Y contesta la mujer del preguntón:

—Los cabestros.

—¡Cabestros! ¡Y son de libras!

—¡Y cada cuerno como una lanza!

—¡Anda, que buenas ganas de escabeche tendrá el que los meta mano!

—¡Cirilo, no seas lila, no te metas, mira que tienes hijos, y ya sabes lo que sucedió al Colorín el año pasado!

—¡Ya llegan! ¡Ya llegan!

—Vamos a esperarles a la cerca, para pegarles un palo al pasar.

Y un mozo que viene pasadito de canguelo, dice:

—No vayas; que a Luquillas, de oír soplar a uno le ha dao un accidente.

El encierro avanza, cencerrea fuerte, llega, y la cerca queda más limpia que una bandeja de plata. Cirilo y otros tres o cuatro matones que salían a encararse con las fieras, vuelven talones al saber que un toro tremendo se ha escapado y anda por los alrededores del pueblo, discurriendo a sus anchas si debe o no debe entrar en el chiquero.

El vecindario está en vela hasta que se cunde que el cornúpeto optó por la reclusión, no sin haber revolcado para hacer boca al tío Chufas, o sea al santón de la villa.

En honor a la Virgen, la plaza de la Constitución se ha arreglado este año, que da gozo verla convertida en redondel, para la lidia; cualquiera diría que estamos en la Mezquita de la Puerta de Alcalá. Hay quien murmura que las tablas que sirven de barrera son muy endebles, pero los mozos nada temen porque con sus cuerpos son capaces de hacer frente al toro más bravío.

Se subasta el derecho de abrir el toril, encargo a que no pueden aspirar más que los pudientes, y esta vez, han sido bárbaras las pujas: la mayor de dieciséis duros, y la menor, de tres. Mediante una buena cantidad, andan en lenguas los favorecidos con el dictado de valientes y pueden tener a gala recibir el primer encontronazo.

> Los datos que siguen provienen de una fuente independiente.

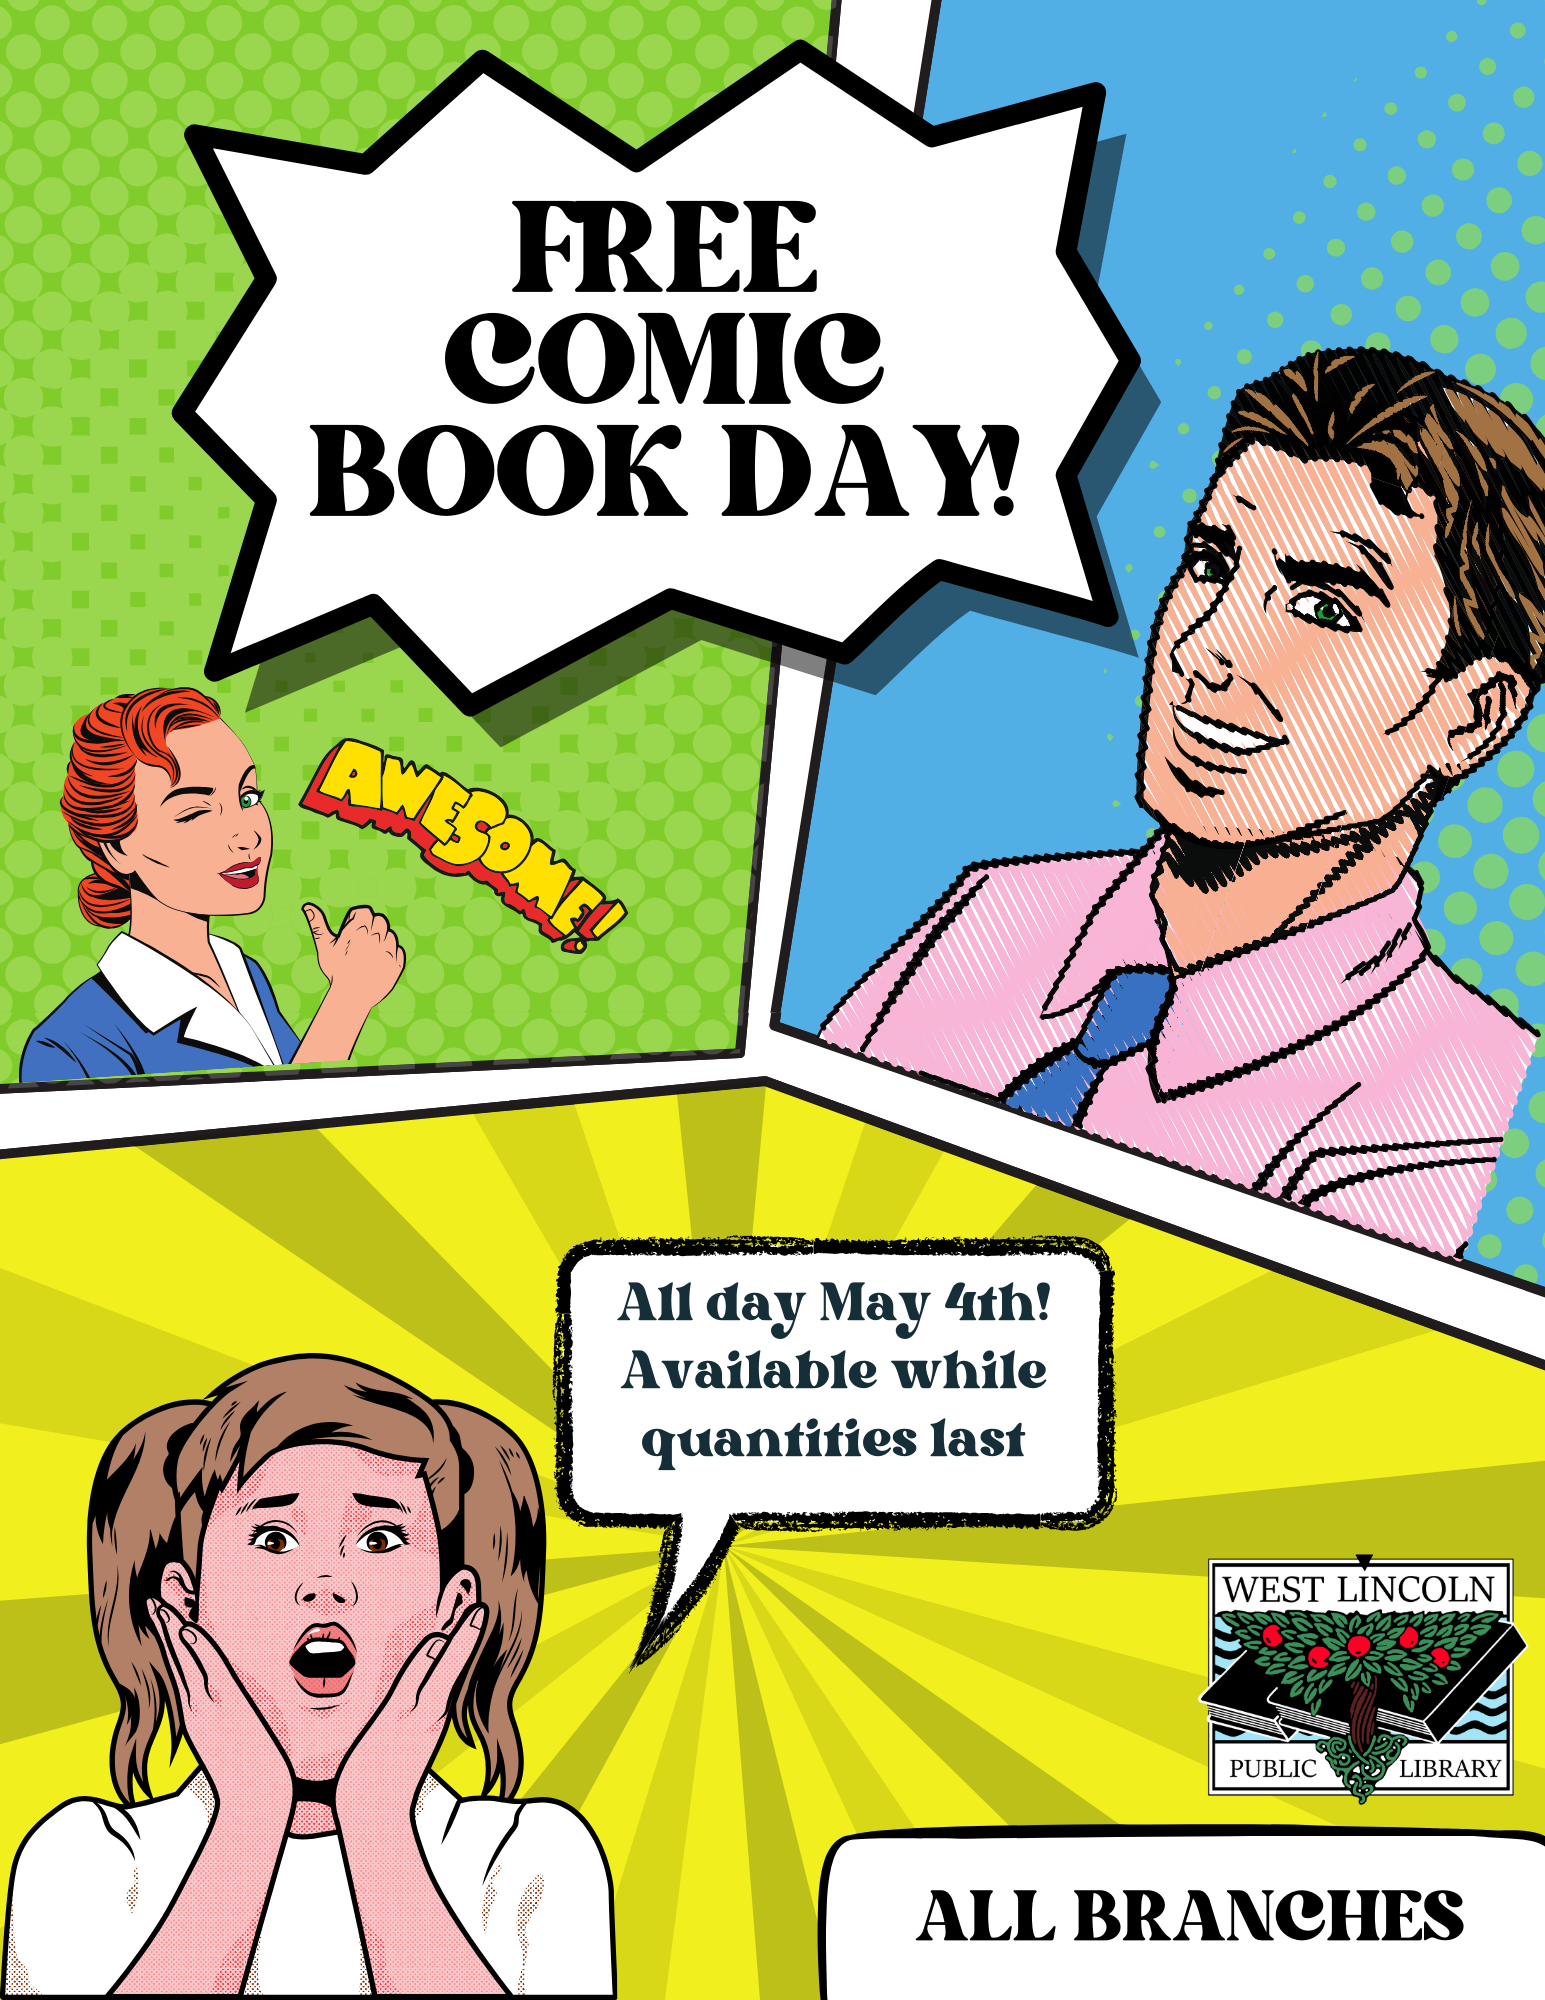 Poster for Free Comic Book Day, All Day May 4th! Available while quantities last. All Branches

Amanece, al otro día, el novillo del aguardiente, descerrajando fajas, chaquetas y camisas, quebrantando huesos y acostando en el empedrado a algunos valentones que no se saben levantar. La masa popular pide «¡otro toro!» y sigue la aguardientada hasta la hora de misa mayor en que el alcalde invita a los lidiadores a que suspendan la heroica faena y vayan a cumplir como cristianos.

En la función religiosa hubo que admirar la compostura y piedad del pueblo: la misa de tres, que rara vez se celebra en esta localidad; las voces de los cantores, sobre todo del bajo, que atronó los oídos del concurso de señoras muy bien aderezadas, y de caballeros notables de la corte; la Marcha Real que al alzar tocó la charanga, y muy especialmente, el sermón del Padre D. Trinitario, describiendo la tradición de la Virgen aparecida y celebrando sus glorias, quien al resumir el discurso, dirigió una excitación al pueblo, para que olvidara sus discordias en aras de la religión que perdona las injurias y del interés común de aquellos feligreses, punto que no fue del agrado de los mandones de la villa, alguno de los cuales murmuraba por lo bajo, que bueno era pedir el amparo de la Madre de Dios, sin meterse en camisa de once varas.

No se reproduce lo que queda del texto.